This is an excellent analysis and I would love to hear @RogerDearnaley's thoughts on it. Seems very pertinent to the discussion.

[-]RogerDearnaley6mo42

I agree the paper's authors choice of phrasing in that paragraph is debatable, perhaps even unfortunate. Possibly by "only a marginal increase in ASR after benign finetuning" they meant that it only increased by 8.3% (compared to the default approach increasing by 37.2%) — i.e. they were describing the absolute size of the increase, rather than the proportional size relative to the initial baseline? But I would agree with Baram that

the difference in ASR scores after training seems mostly reflective of lower baseline levels for the safety pretraining model, rather than better robustness as the text claims

Regardless, for the baseline, the result after additional safety finetuning, and the results after further non-safety finetuning, in each case the safety pretraining approach is the clear leader (in the second case dramatically better). ASRs are 11.6% vs 44.1% and 28.8%, 0.0% vs 1.6% and 0.7%, 8.3% vs 38.8% and 23.0% (where low is good). Roughly speaking, safety pretraining is around a-quarter-to-a-fifth as vulnerable as the standard approach and somewhat less than half as vulnerable a safety finetuning, across all three scenarios (except the second one, where it appears infinitely better, but likely that's a statistical artifact of a low attack success rate).

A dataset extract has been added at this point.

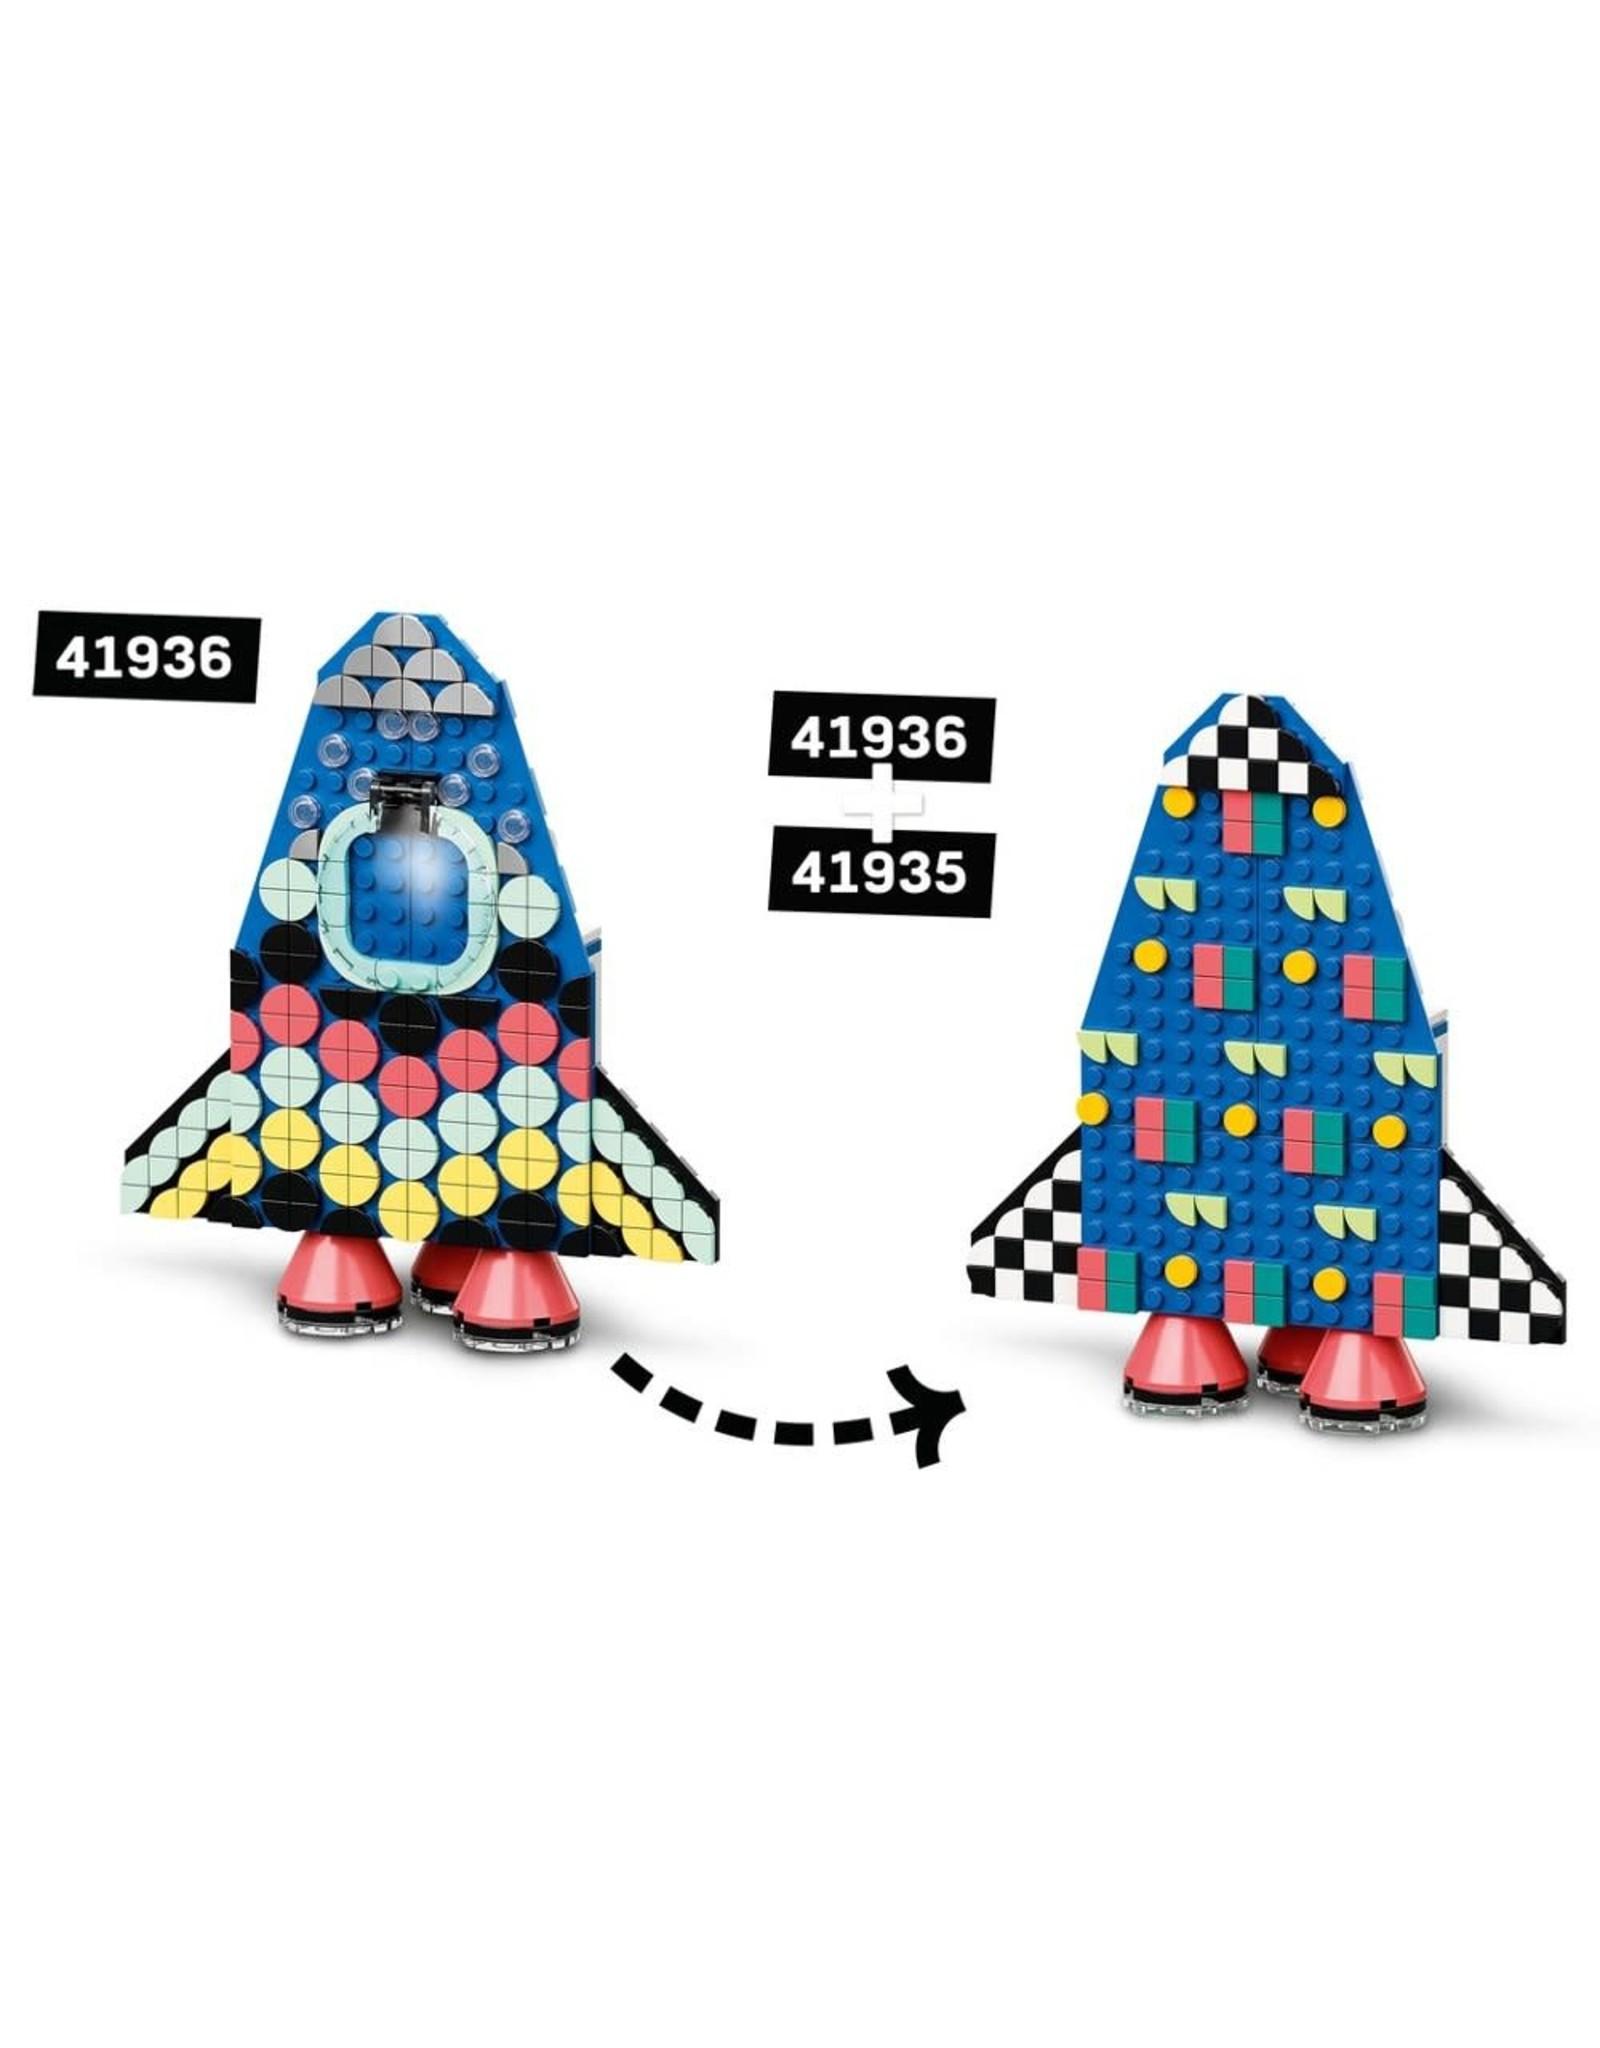 LEGO Dots - 41935 Lots of Dots

So I still find this paper very exciting: to me, the evidence seems persuasive that safety pretraining is the best approach of the three the authors tested. Obviously they don't compare it to reinforcement learning, but as I discussed I have severe concerns about whether reinforcement learning will remain feasible at AGI/ASI levels.

Mostly I'm glad the paper is getting some attention.

[-]the gears to ascension6mo10

Please correct the title; this has no effect on how generalization works, which is what I'd call inner alignment. It's a good idea, though, and I agree it's something to probably do.

[This comment is no longer endorsed by its author]Reply

[-]RogerDearnaley6mo41

Inner alignment is the problem of "how do we successfully point the optimization behavior of an agent that we train at any particular chosen target?" Or, as I quoted (in the expandable section in my post) directly from the LW page defining inner alignment: "Inner alignment asks the question: How can we robustly aim our AI optimizers at any objective function at all?"

Safety pretraining is a specific proposal for this: let's do it using self-supervised SGD followed by conditional generation. This has a specific advantage in avoiding misgeneralization, compared to using reinforcement learning, because pretrained systems tend to produce the same distribution they were trained on (modulo prompting): they don't automatically attempt to generalize, so are less prone to misgeneralization. It also avoids all the other concerns around using reinforcement learning to train very smart systems, which are what people normally discuss at great length when discussing the challenges of inner alignment. The answer here is simple: just don't use reinforcement learning, at all.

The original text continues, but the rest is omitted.